Car il me semble évident que pour Bourdieu les champs sont perméables, que le capital symbolique est fluide, et que le capital social montre bien d’ailleurs la « plus-value » que les différentes formes des capitaux acquièrent en circulant entre les différents champs. Ainsi en est-il, par exemple, du capital religieux, i.e., le capital symbolique que certains individus, dont certains prédicateurs, par exemple, peuvent aller chercher au sein même de leur propre groupe religieux, puis par extension, au sein du champ religieux, selon la position de ce groupe dans ce champ spécifique local (qui est, comme nous le verrons, extrêmement varié, influent et dynamique). Ce capital religieux peut, au besoin, se transformer en capital social lorsque, par exemple, le message de ce prédicateur rejoint, par ondes radio, des groupes ou des membres influents d’autres champs, voire en capital politique lorsqu’il est mis au service de certains groupes politiques en pleine campagne électorale, comme ce fut le cas en 2004 comme nous le verrons un peu plus loin, ainsi qu'en 2018.

Conclusion

Dans ce mémoire, je me demande comment les représentations de la pauvreté mises de l’avant par deux groupes religieux au Brésil affectent ou pas l’engagement social et politique de leurs fidèles. Le cadre théorique de Pierre Bourdieu, que je viens d’exposer, se révèle très utile dans cette entreprise dans la mesure où il permet de rendre compte à la fois de la constitution de la réalité actuelle et de sa permanence, grâce au concept d’habitus (et notamment l’un de ses constituants, l’éthos), et des forces constamment en tension pour l’instauration d’un nouvel équilibre, grâce aux concepts de champ et de capital social et symbolique. Comme nous le verrons au chapitre suivant, ce sont donc ces deux concepts, l’éthos et le champ (en particulier, le champ religieux) qui auront été parmi les éléments les plus déterminants de la méthodologie, incluant la sélection des répondants choisis parmi tous ceux qui m'auront accordé une entrevue.

Chapitre 3 MÉTHODOLOGIE

Introduction

Après m’être dotée d’un cadre théorique aussi pertinent que celui de Bourdieu pour étudier le champ religieux brésilien et les changements qui le traversent, il sera essentiellement question, dans ce chapitre, de la méthodologie utilisée dans ce mémoire.

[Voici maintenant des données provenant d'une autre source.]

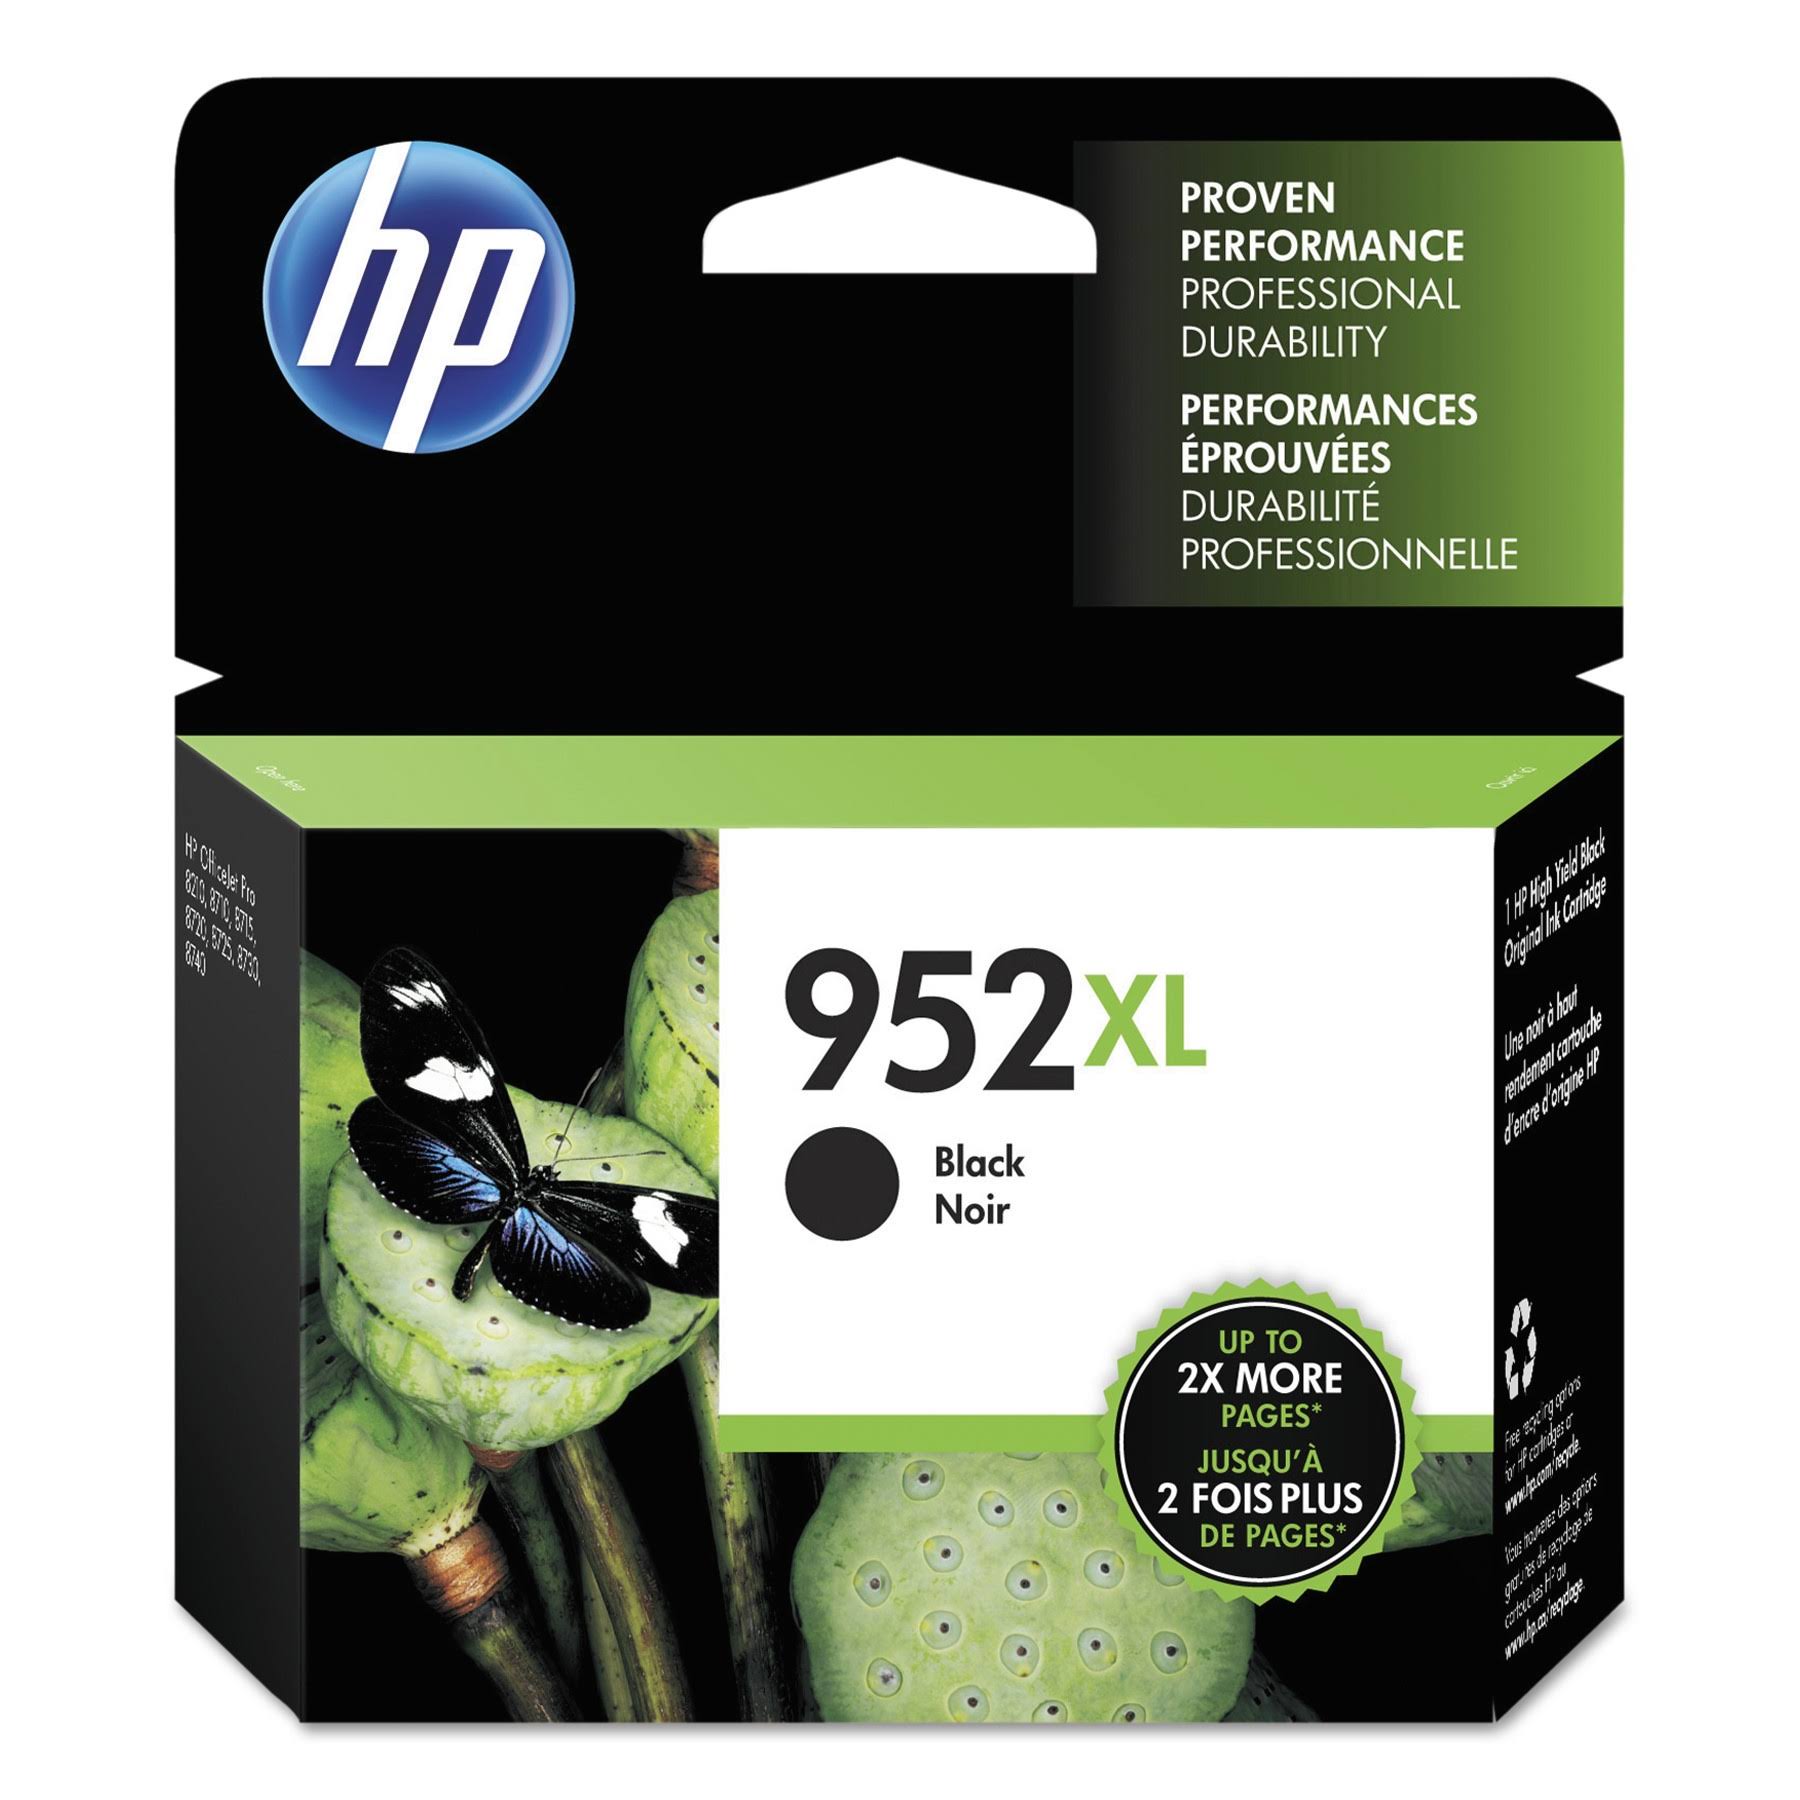 HP 952xl Ink Cartridge - Black, High Yield

Tout d’abord, au sous-chapitre 3.1, je présenterai la question de recherche et l’orientation méthodologique de ce mémoire. Puis, au sous-chapitre 3.2, j’exposerai différents éléments concernant la collecte des données, notamment la période du terrain et les particularités de celui-ci, les divers groupes où étaient impliqués les agents rencontrés, quelques difficultés qui se sont présentées lors du terrain ainsi que les diverses techniques de collecte de données utilisées. Au sous-chapitre 3.3 je présenterai l’analyse des données collectées, ainsi que certaines caractéristiques des personnes m'ayant accordé une entrevue. Finalement, au sous-chapitre 3.4, j’évoquerai certaines préoccupations d’ordre éthique qui m’auront accompagnée tout au long de mon terrain mais aussi, tout au long de mon mémoire.